April2015cartoonThe Liberal Party has heeded that old adage of advertising: if you have a problem, feature it.  After decades in the ascendancy as the most winningest party in the West, they have all but collapsed. A string of feckless leaders – Martin, Dion, Ignatieff – have left the Natural Governing Party without their aura of inevitability. But their very desperation has attuned them to the weaknesses of their thin-principled opponents.

In the days of their former glory, the Liberals appeared to the public as the perfect marriage of pragmatism and progressivism: positioned between national (and regional) parties on the left and the right, they could cast themselves as a plausible via media. But the mantle of competent management now falls on the shoulders of the Conservatives, while the country’s left-of-center political energy has migrated to the NDP, leaving the Liberals marooned in the middle. In the party’s heyday, voters didn’t need a reason to vote Liberal; after they suddenly fell from power and grace, the same voters didn’t have one.

And so, in search of a role, and bereft of a raison d’être, the party recently made an inspired (if desperate) decision: they took a page from the playbook of American politics. They choose, for their leader, the scion of a dynastic figure still steeped in nostalgia for a generation of aging boomers.

But, if you have a problem, feature it. The current Liberal leader’s very lack of everything that would qualify him as a good leader makes him an ideal politician, one in the mold of the current American president: he is a photogenic vessel for an unmodified party line. Just like Barack Obama, then, Justin Trudeau is a true believer. The simple vision of reality that most college students can maintain only for a few heady months is the true worldview of these so-called public servants. Trudeau’s recent speech given, appropriately enough at a McGill University event is a perfect illustration of his undergraduate understanding of the world.

Trudeau the Younger’s variation on the classic Liberal formula is the abandonment of the party’s traditional, delicate balance: instead of trying to bring pragmatism and progressivism together into new synthesis, he has amplified the latter to the exclusion of the former. Unlike another American president, Bill Clinton, whose politically inspired formula about abortion – that it should be “safe, legal, and rare” – at least cast prenatal infanticide as a sad and distasteful necessity, Justin Trudeau has elevated it into a positive good, leaving no room neither for compromise nor moral qualms. Indeed, in his speech, he makes the incredible and utterly indefensible claim that one “set of policies in post-war Canada generated more liberty for more people than any other. It was the decades-long effort of the women’s movement to gain control over reproductive health and rights. Indeed, let me be perfectly clear on this point.

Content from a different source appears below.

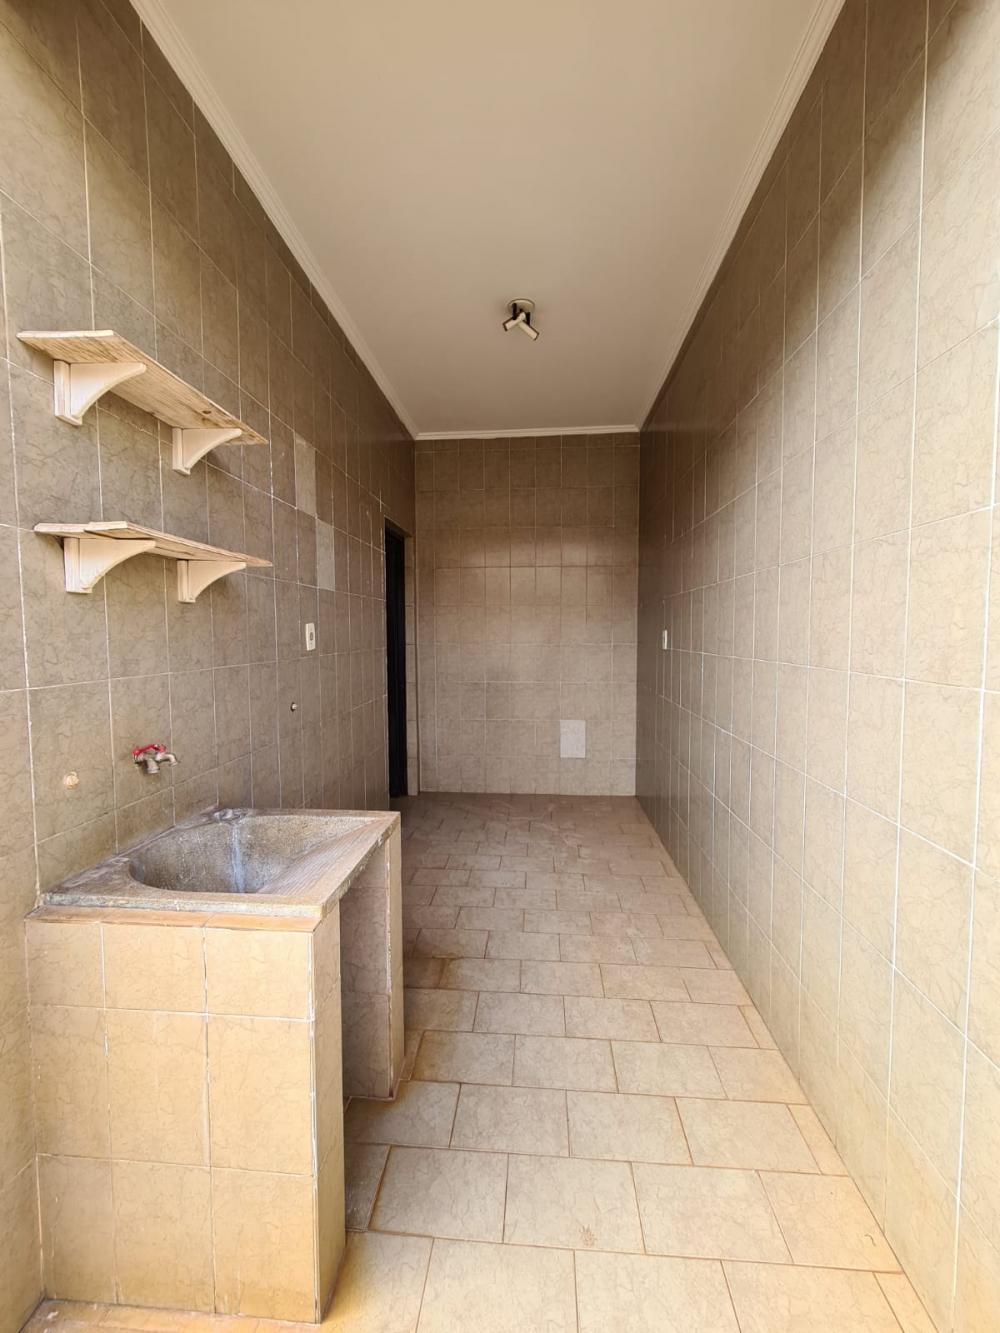 Alugar Casa / Padrão em Ribeirão Preto R$ 1.600,00 - Foto 13

The Canada we know today is unimaginable without widely available birth-control and the legalization of choice.”

While one could easily dispute every point in these tendentious sentences (to say nothing of his other 5,000 sophomoric words), to do so would miss the most curious quality of Trudeau’s unsophisticated oration: its manner and its mode. Here, fuzzy language and muddled thinking are fixed into rigid and erroneous connections through the relentless rhetoric of so-called clarity; here, the grizzly act of butchering babies is veiled by a series of euphemism, quickly flitting between nebulous phrases and abstract nouns: so does the death of the child in the womb become, in Trudeau’s maze of platitudes, first, “reproductive health” and then, bizarrely, “the legalization of choice.”

In such a perverse view of the world, the density of real history all but disappears. When liberty is conflated with its utter abrogation in the totally denial of the rights of the unborn, every other democratic inheritance is corroded and compromised.  Thus do the freedoms of the Magna Carta and Common Law fade before the controversial social upheavals of the 1960s. According to Trudeau, before abortion was legalized, Canada was not free.

Such preposterous pronouncements seem all but laughable, an obstinate ignorance which is beyond parody. Yet – and this is the point –  the Liberals know that this caricature of history will likely go uncorrected. Indeed, Trudeau has turned a single canny judgement about the weakness of his political opponents into a master-strategy which just might work: he has called the bluff of all those to his right with a strident social liberalism that makes abortion, of all things, its unifying capstone. Stephen Harper’s well-known cowardice on the issue of abortion has invited just such a shrill challenge. And it is a charge the Prime Minister will ultimately be unable to answer, but only because he is unwilling to defend the rights of his most vulnerable fellow citizen. For, if the child has no rights whatsoever, what prevents him from endorsing Trudeau’s robust (but ludicrous) account of modern human rights?

After years of sufficiently competent management, Harper’s Conservatives can persuasively sell themselves as calm hands governing the ship of state. Yet, their craven political calculation not to defend the unborn has emboldened their opponents who have – perhaps correctly – sensed an expedient opening. Therefore, instead of being rebuked by the simple truth of unborn life, Trudeau’s abominable polemic will be met only by the embarrassed silence of so-called leaders who are unwilling to lead. By abandoning the unborn for the sake of a political strategy that was always too clever by half, the Conservatives may have actually made their own defeat all but inevitable.